EXERCISE DESCRIPTION: Only the lines below from the one that contains "Homes for sale in Warrenton, Virginia" through the one that contains "Multiage Community Information" should appear in your answer, exact and without pictures.

GIVEN ENTRIES:
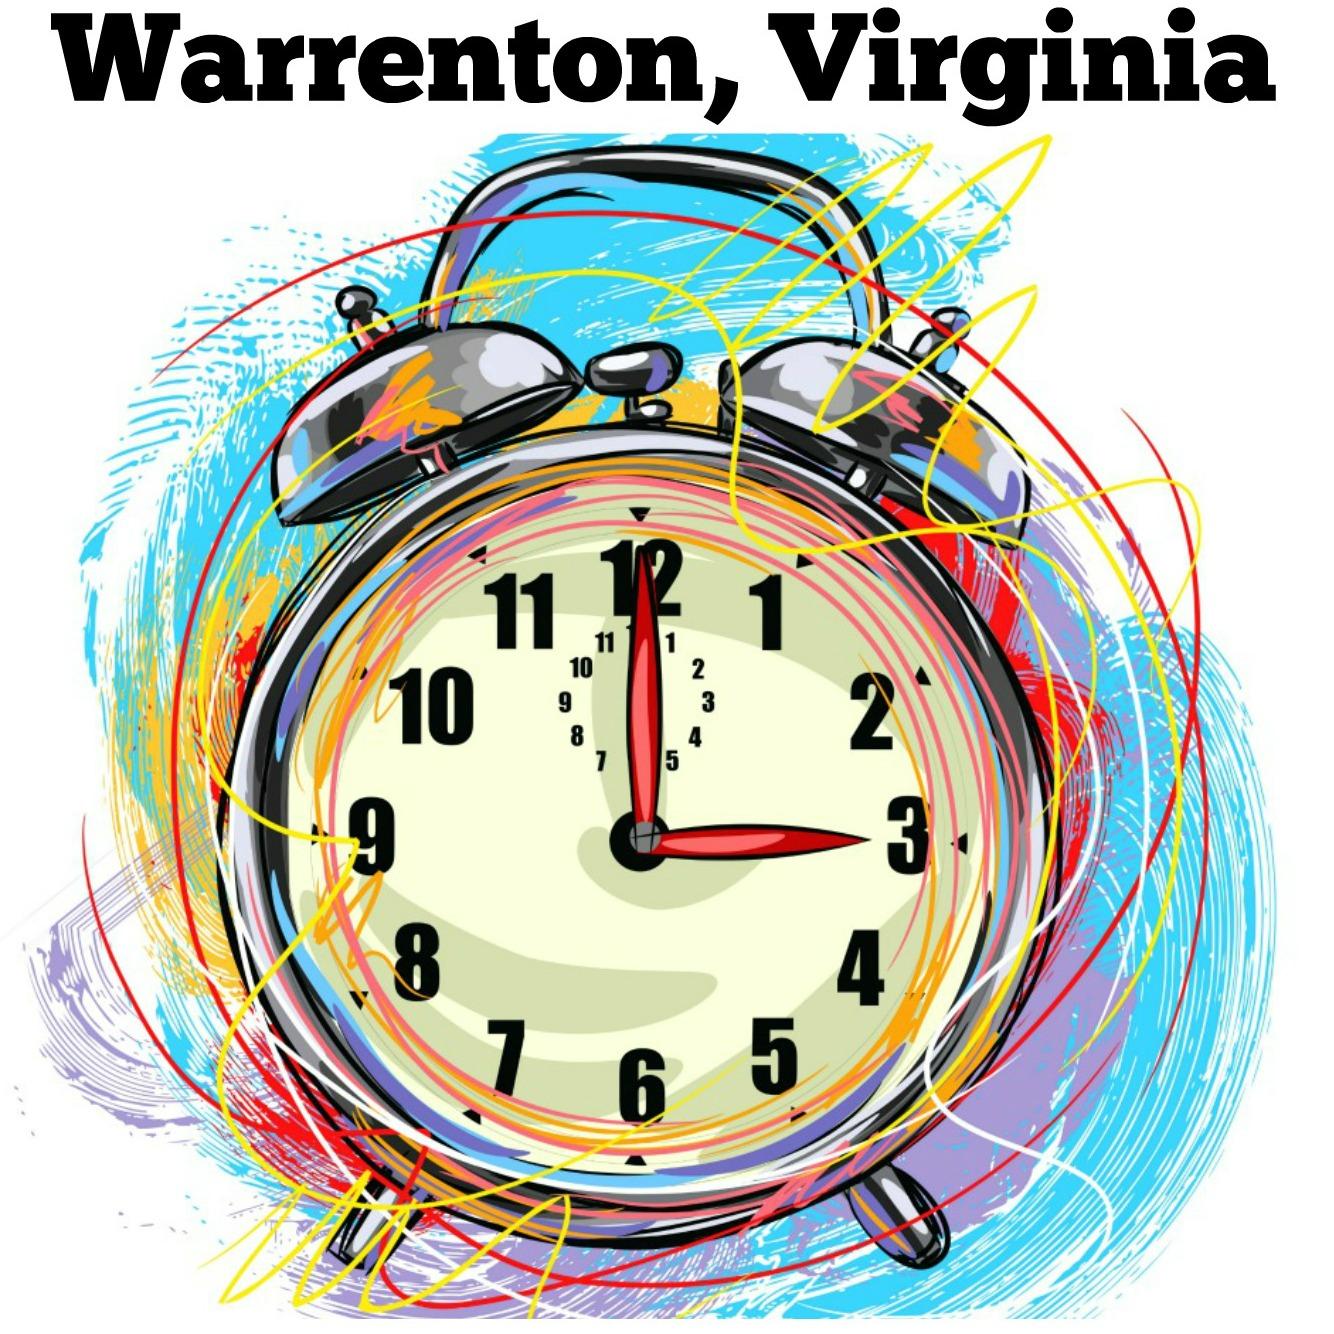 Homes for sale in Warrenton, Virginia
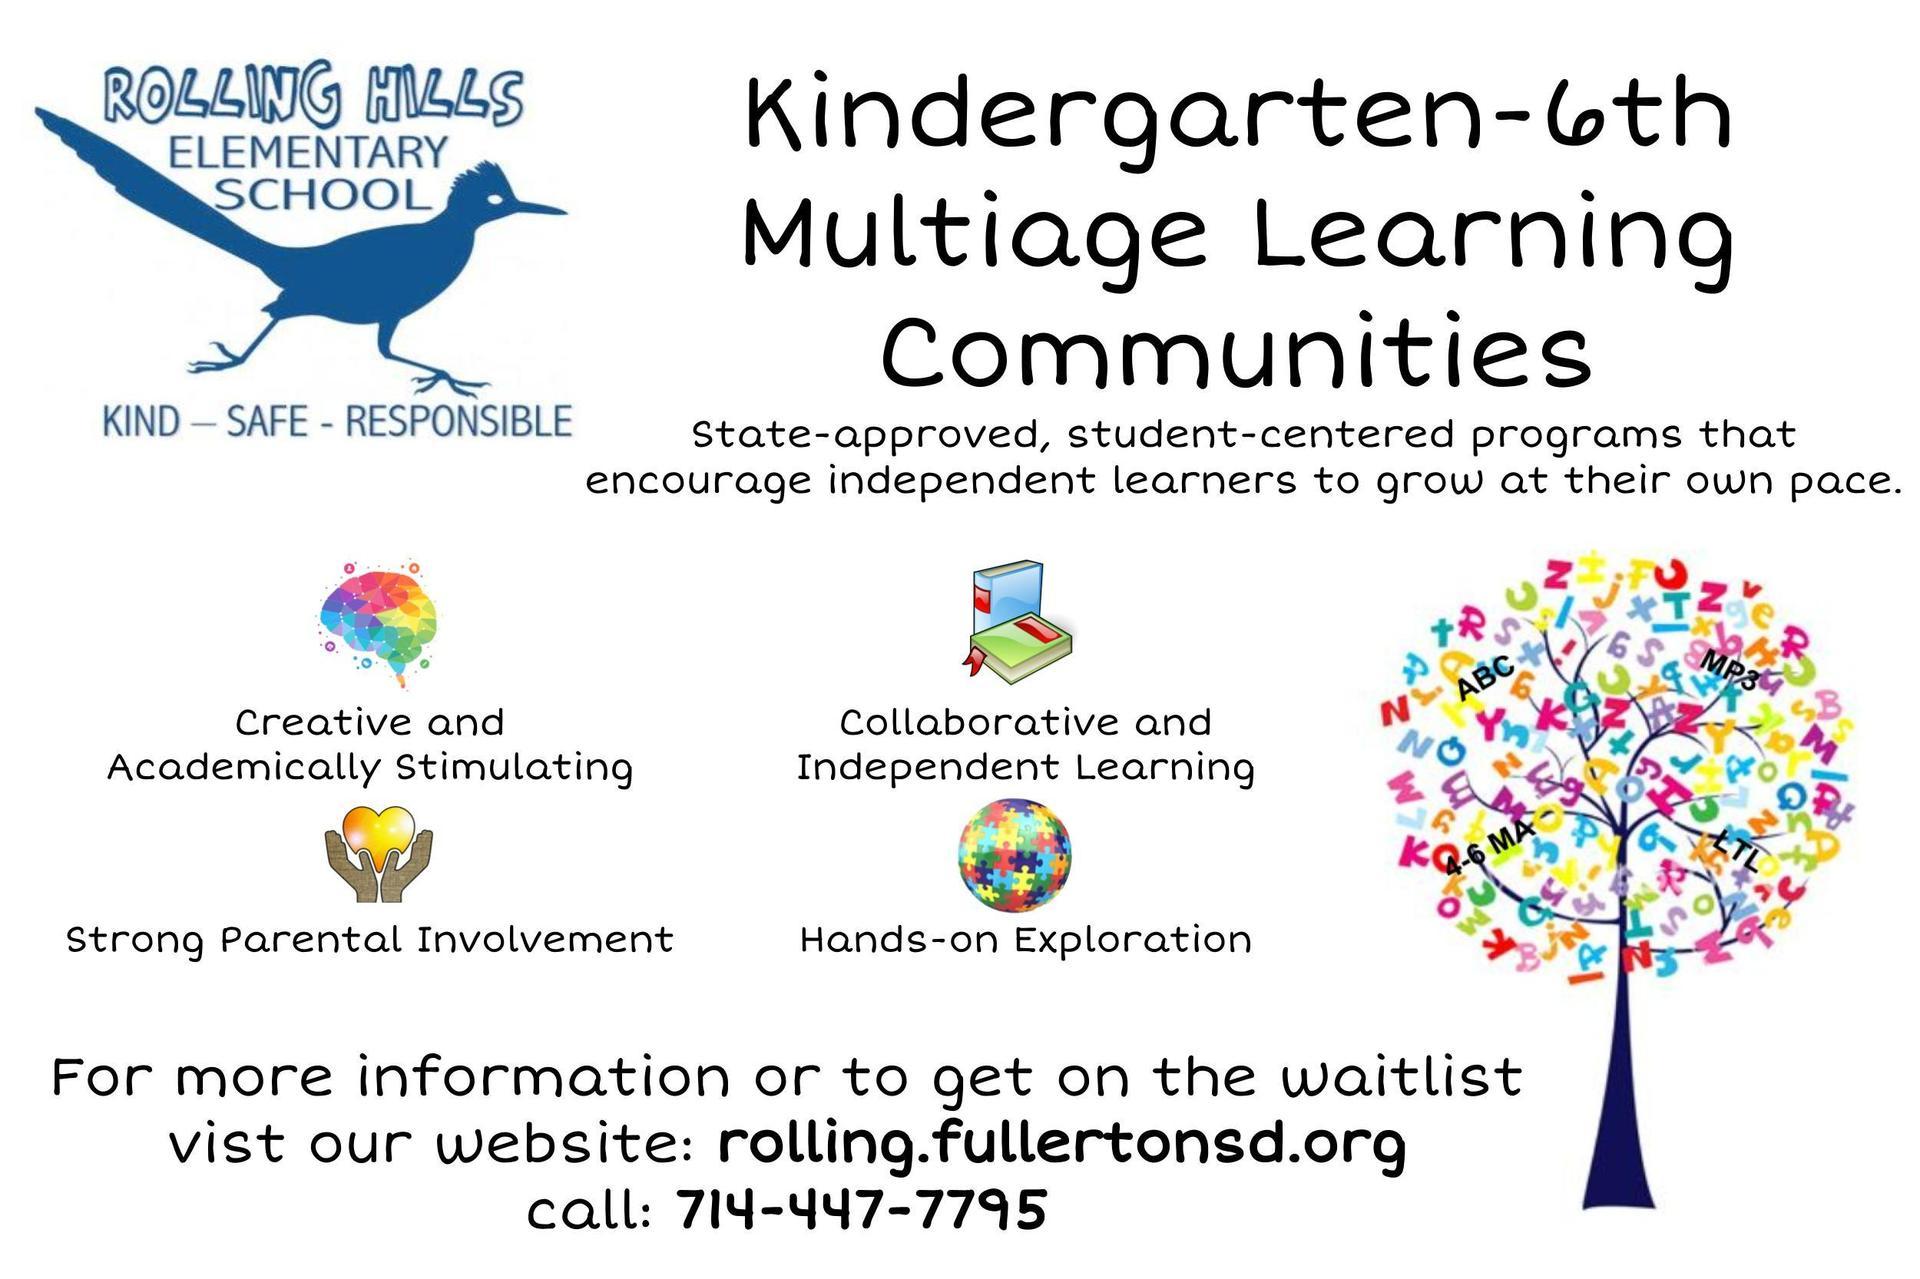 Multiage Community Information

...

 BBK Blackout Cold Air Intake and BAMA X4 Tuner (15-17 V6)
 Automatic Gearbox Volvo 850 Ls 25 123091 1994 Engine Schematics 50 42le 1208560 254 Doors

RESULT:
 Homes for sale in Warrenton, Virginia
 Multiage Community Information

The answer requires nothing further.